More than a Clump of Dirt

by JHow on January 16, 2012

in Lies, Damned Lies, and Fiction Writing

Shakespeare exploded a bigger picture

I read an argument about Shakespeare recently. One individual contended that the world would be a poorer place without the Bard, and further that Shakespeare’s genius is distinct from, say, Newton’s in that somebody would have articulated the same scientific principles had Newton never lived, whereas if Shakespeare hadn’t lived we would never have had his particular artistic accomplishments. The other team contended that, had Shakespeare been hit by a carriage, we would just remember some other Elizabethan playwright, and things wouldn’t be any different.

That got me thinking about writing and writers and how there’s a strong undercurrent of morose self-destruction in our profession. Maybe it was just the crowd I ran with in college, but we seem to like bars, parties, smoke, and moderately dangerous shenanigans, despite the physical toll they take on us. I’ve heard some colleagues point to their deteriorating health and personal lives with a sort of pride, as their dedication to the craft trumps such tawdry concerns as maintaining relationships or eating the occasional grapefruit. Personally, I spent most of my college career nursing a bad hiking habit, wandering around in the woods and on mountains—rain, sleet, or snow—without telling anyone where I was, or strolling around town in lightning storms.

There are a lot of plausible reasons for this behavior. There’s the classic Hemingway Defense, that our sensitive souls can’t face the horrors of the universe without some induced numbness. There’s the Byronic Argument, that we must wring the marrow from life and suck every bit of experience from every instant if we’re to truly be able to create art. I’ve even entertained, from time to time, the Researcher Hypothesis, that in order to authentically write about all of the sorts of things that make for good conflict, we need to experience them for ourselves.

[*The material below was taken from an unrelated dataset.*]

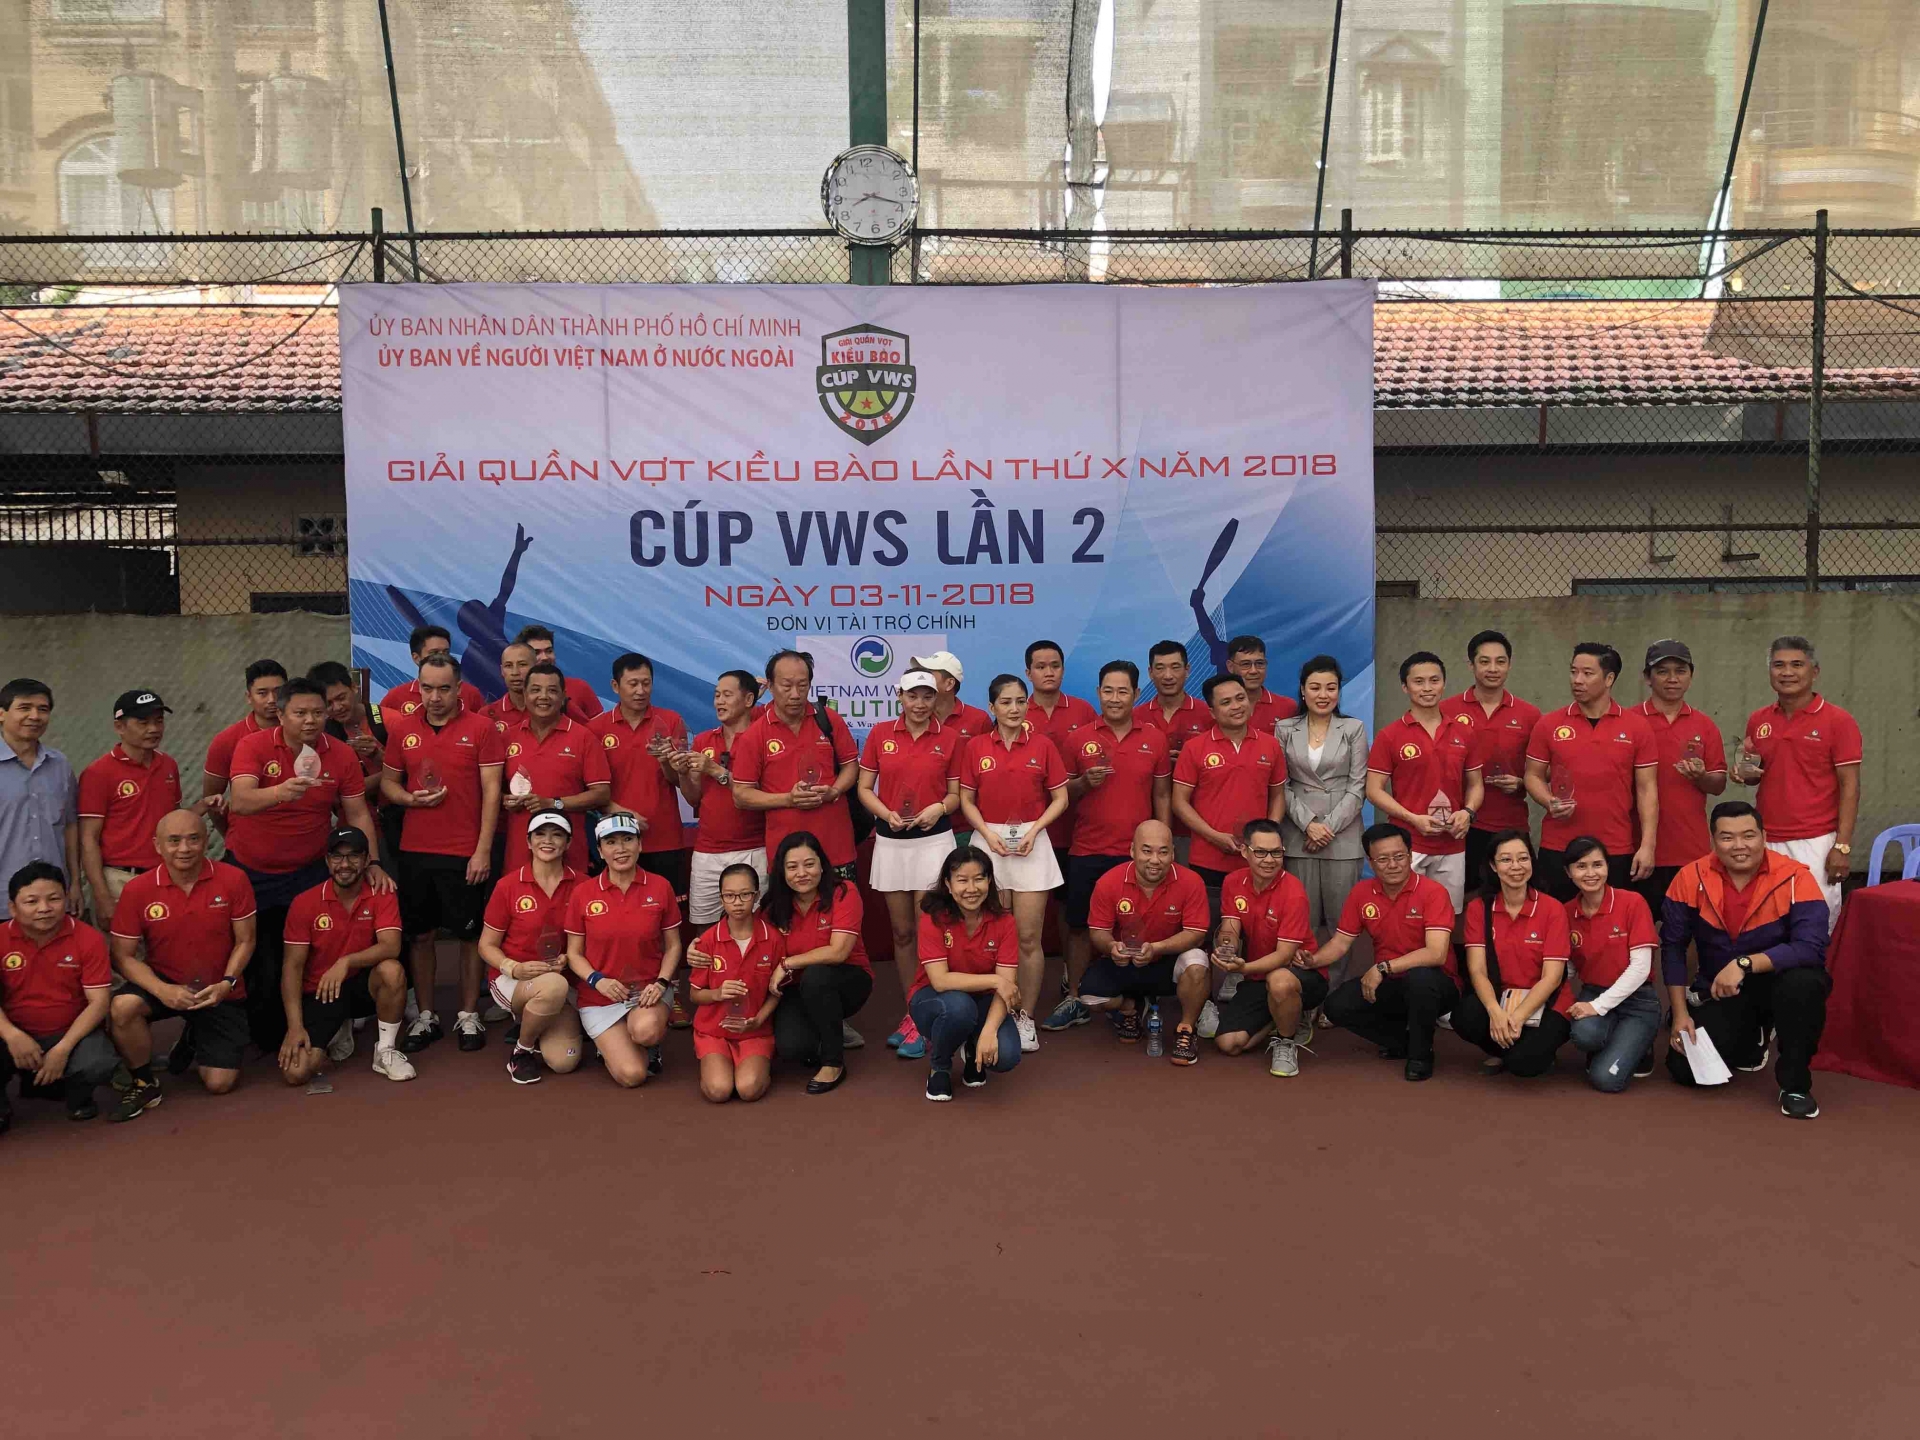 The 10th Overseas Vietnamese Tennis Tournament kicked off on Sunday
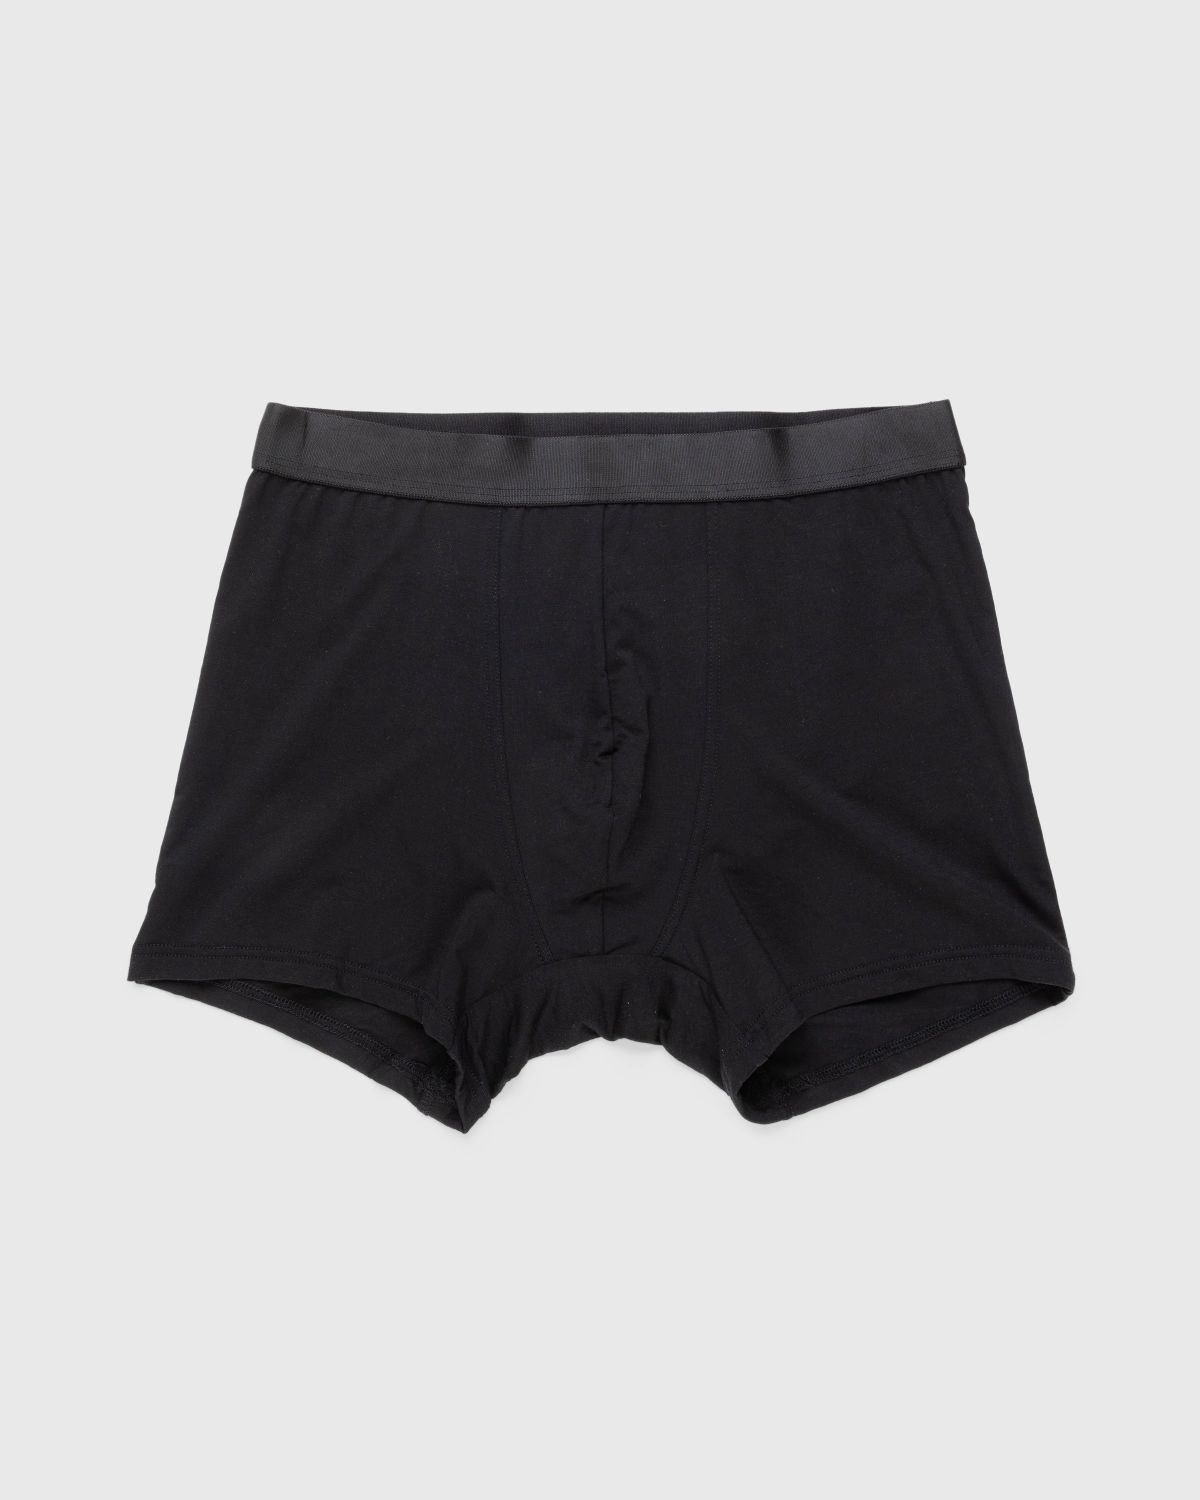 CDLP – Boxer Briefs Black - Underwear - Black - Image 1

A load of crap, of course, and I’ve met enough writers who take care of themselves to know it isn’t universal. But the trend is broad enough to be interesting. There’s an intellectual tendency, I think, to downplay the writer’s role in the process, to view it as a sort of tragedy that a person has to be involved at all. Here’s a good example: a while ago Dan Harmon, creator of the excellent TV show Community, blogged a comparison of writers to piles of dirt with holes in the center, through which stories pass. The idea, as I understand it, is that you wanted to avoid letting your filth contaminate the story, instead transmitting it, unsullied, to the page.

It’s a hell of an image, and I agree with Mr. Harmon that a writer can royally screw things up by thinking too much and that the story is a preexisting thing: it emerges from the subconscious soup of memories, impressions, emotions, and instincts largely without being called. But I don’t hate myself quite enough to reduce my conscious role in things to a pile of dirt. I think, rather, that I’m the only thing making my stories anything at all.

When you boil them down, there aren’t very many stories, and there aren’t very many truths being articulated in them. We are not an art form that blazes new and fascinating ground. But every author puts a unique stamp on the story; to stick with Mr. Harmon’s metaphor, every author smudges the story with a particular color and consistency of dirt. Sure, we might’ve remembered a different playwright had Shakespeare never lived, and that playwright might’ve written a play that addressed similar themes to, say, Macbeth. But he wouldn’t have written Macbeth, and that particularity is, I think, what makes the writer more than a clump of dirt through which good ideas pass.

“It’s about understanding what you do and valuing it,” my dear friend Professor Ventre once told me, and I think that’s true. We’re writers: we see—or, if you prefer, are shown—the ideas, the possible stories, the constellation of potential narratives, and by passing them through our particular combination of physiology and experience and spirit, we make them something unique.

There’s certainly value in that. Take care of yourselves, and happy writing!

Tom Rich is a writer, itinerant academic, and flannel enthusiast. His work has appeared in the Midwest Literary Magazine. Since graduating from Northern Michigan University in 2011, he has gone professional in filling out applications.